3 Feature extraction and machine learning algorithms

3.1 Feature extraction

In the context of SHM, machine learning is applied to associate the damage-sensitive features derived from measured data with a state of the structure; the basic problem is to distinguish between the undamaged and damaged states. In this study, an AR model is used to extract damage-sensitive features from time series data. For a specific time series, the AR(\(p\)) model of order \(p\) is given as [31]

$$y_{t} = \sum\limits_{j = 1}^{p} {\phi_{j} y_{t - j} + \varepsilon_{t} } ,$$
(1)

where \(y_{t}\) is the measured response signal, \(\phi_{j}\) denotes the AR parameter(s) to be estimated and \(\varepsilon_{t}\) is the random error (residual) at the time index \(t\).
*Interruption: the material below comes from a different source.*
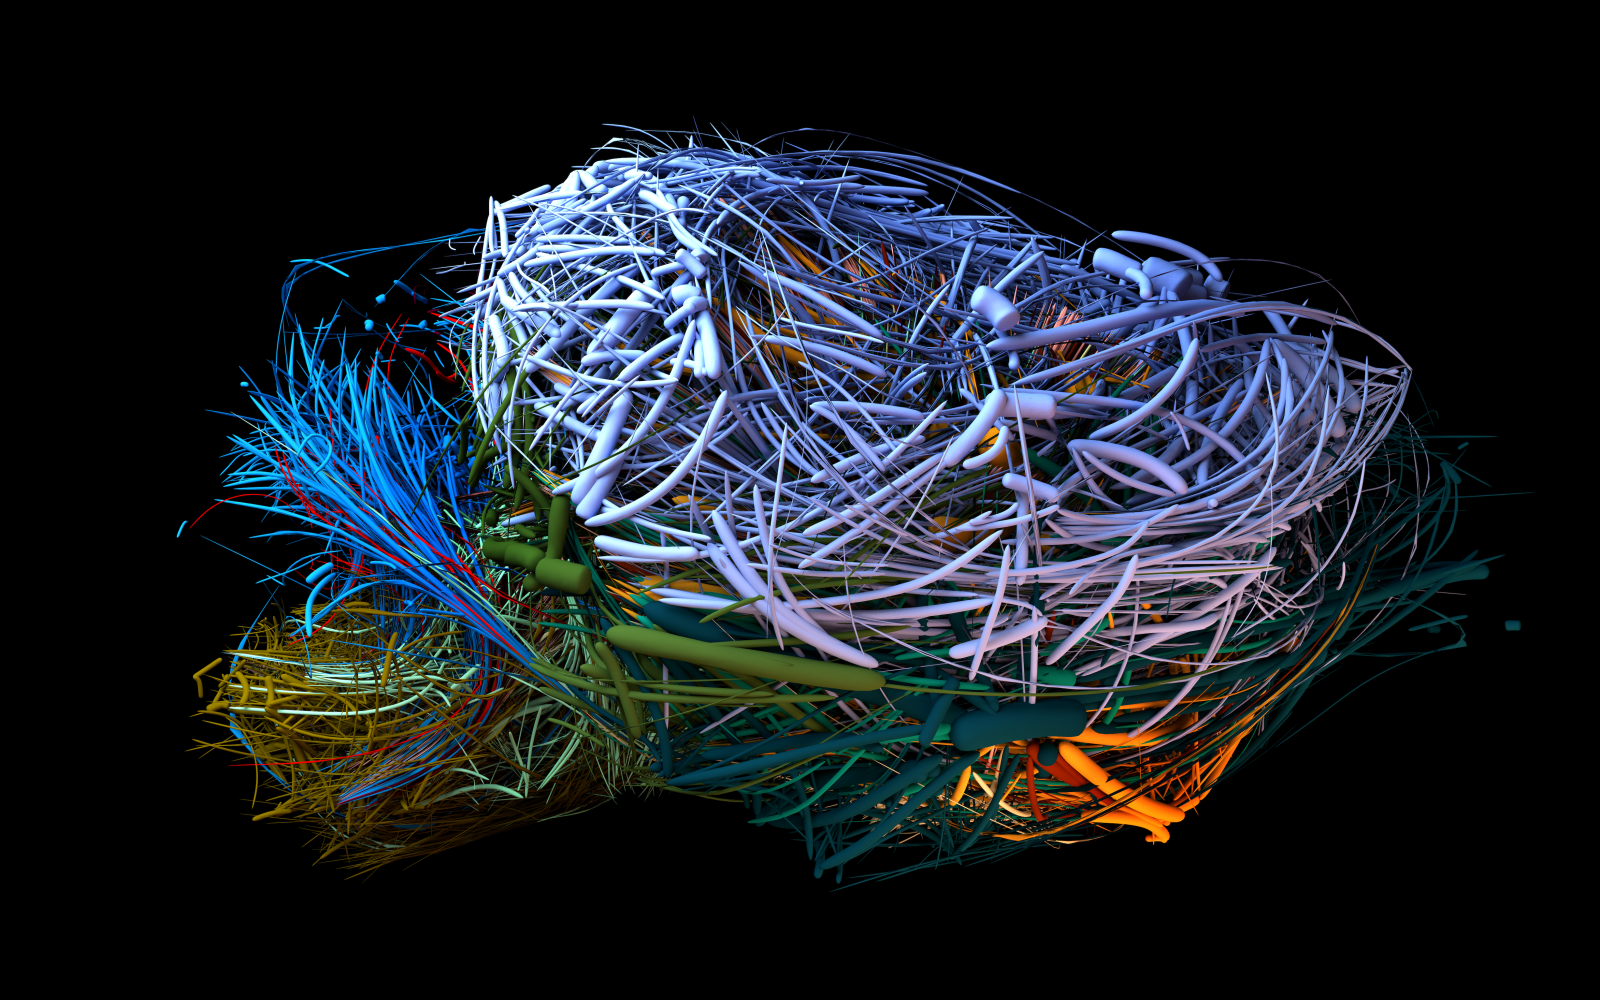 Visualisierung des Konnektoms eines Maus-Gehirns in verschiedenen Farben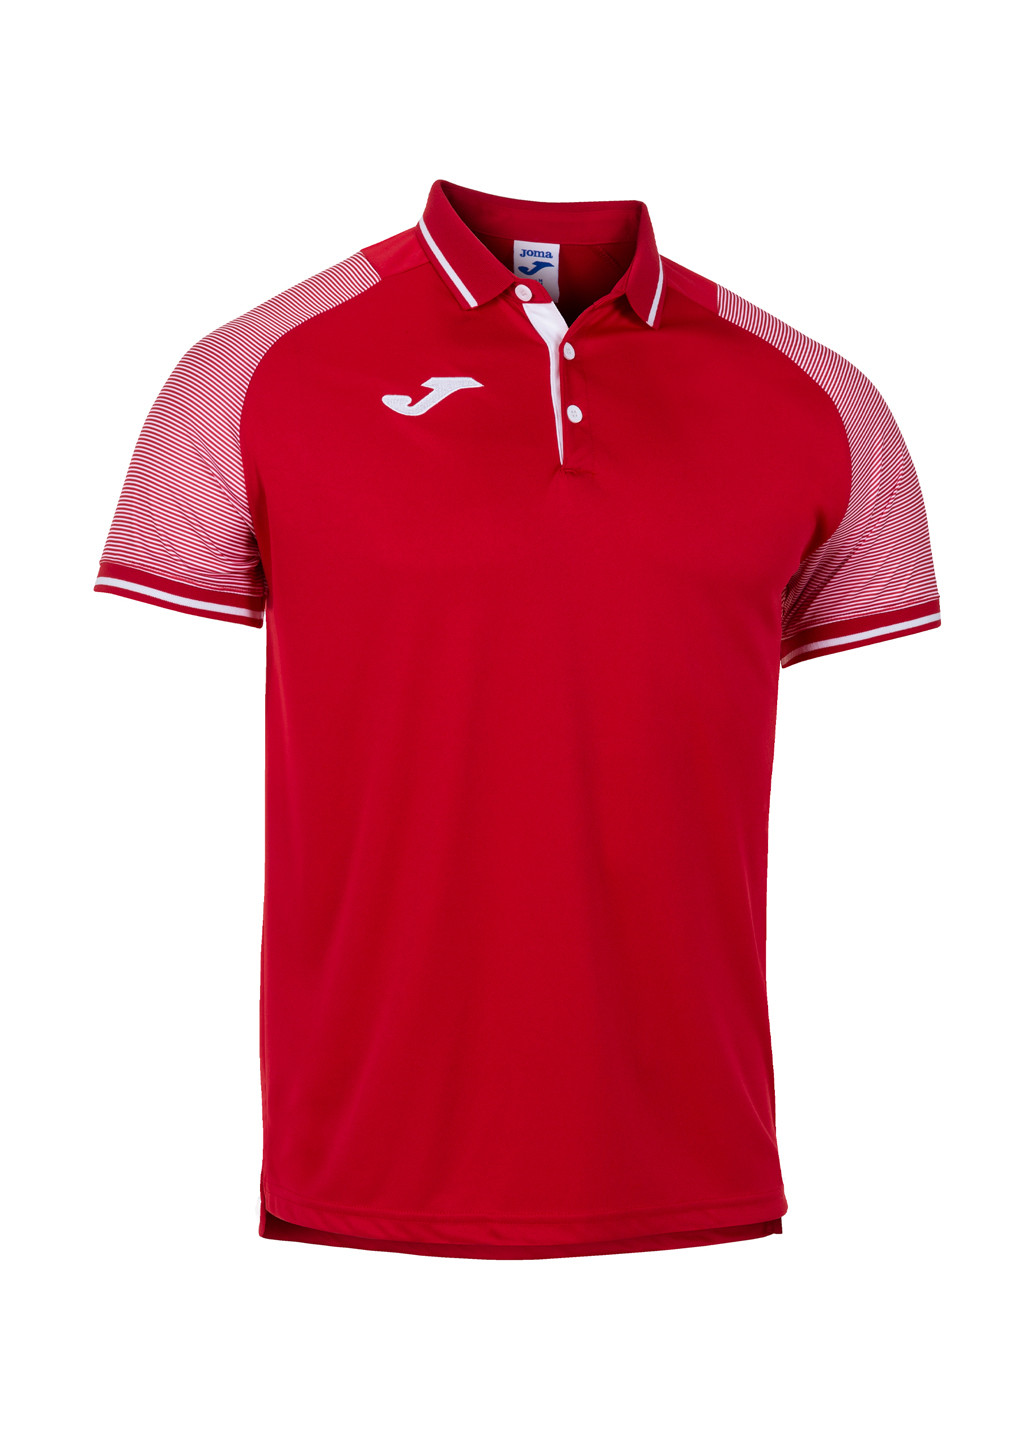 Красная футболка-поло для мужчин Joma в полоску

The use of AR parameters has proven useful for SHM applications regarding civil infrastructure mainly for three reasons [12, 30]: first, the parameters are sensitive to the nonlinear behaviour of damage, which is a typical behaviour resulting from fatigue damage; second, feature extraction depends only on the time series data obtained from the structural response; and third, the implementation is simple and straightforward.

To determine the appropriate order for a time series, two model selection criteria are commonly used: the Akaike information criterion (AIC) and the Bayesian model criterion (BIC). The AR model with the lowest AIC or BIC value gives the optimal order \(p\).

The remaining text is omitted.